In each panel, the recovery performance of our algorithm, as measured by the rescaled normalized mutual information (NMI) of Eq. (5), is plotted on the y-axis against the level of within-cluster noise ϵ_within on the x-axis, for between-cluster noise a ϵ_between = 1.0, b ϵ_between = 2.0, c ϵ_between = 5.0, and d ϵ_between = 10.0. The number of covariate categories R is varied within each the panel (denoted by different colors), and the number of clusters is set to K = 5. Error bars represent 2 standard errors in the mean.

Overall, the results of Fig. 1 indicate that our minimum description length regionalization algorithm is able to successfully recover artificially planted clusters, even in the presence of substantial noise, with the performance varying as expected with the level of homogeneity within and between clusters. We now move on to examine its performance on real ethnoracial distribution data.

Case study: Ethnoracial composition of the New Haven-Milford metropolitan area

To illustrate how the clusters obtained with our regionalization algorithm capture meaningful patterns in real data, we look at a case study of the ethnoracial evolution of the New Haven-Milford, Connecticut metropolitan area, using the data described in Methods.
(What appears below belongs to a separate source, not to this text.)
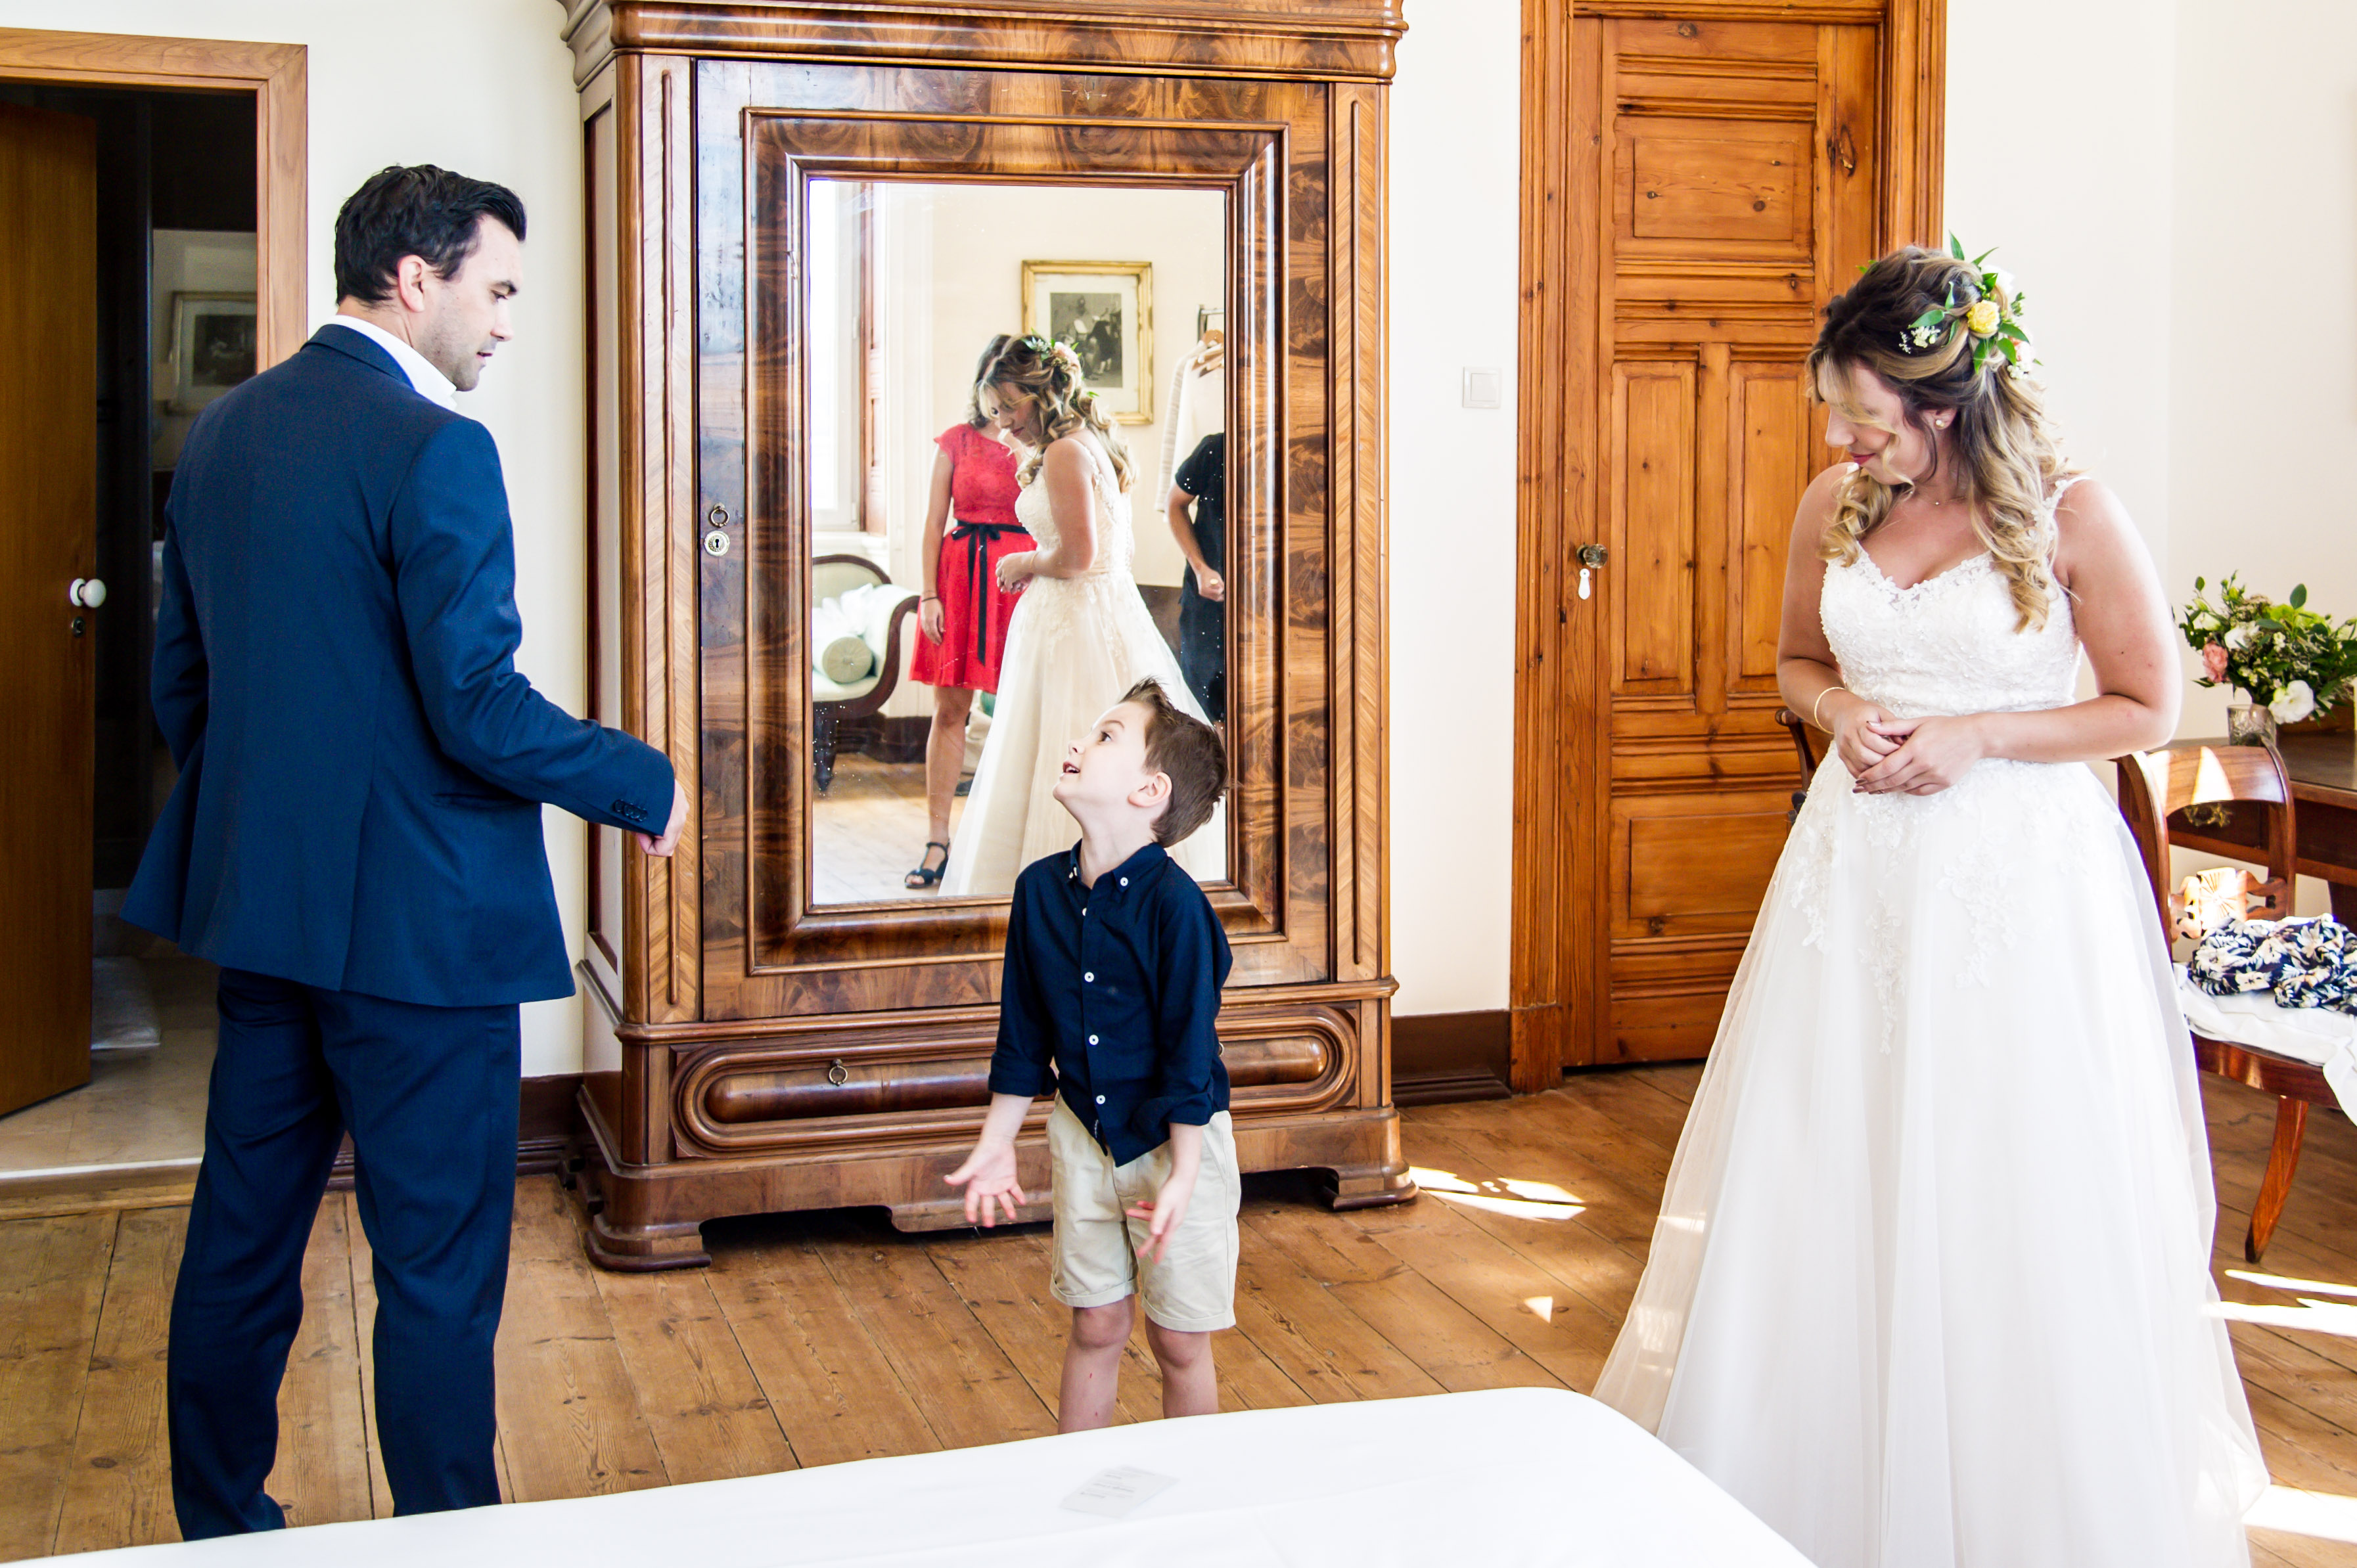 Wedding Estoril_Catia & Tobias_web-92

This metro was chosen for the case study analysis due to a clearly visible spatial evolution of different ethnoracial groups and relatively low heterogeneity in census tract density in comparison with other smaller metros in our dataset, both factors allowing for a clear visual analysis of its temporal segregation patterns. Additionally, the New Haven-Milford metro exhibits a noticeable increase in ethnoracial diversity at small scales, which will help us motivate the analysis in the next section.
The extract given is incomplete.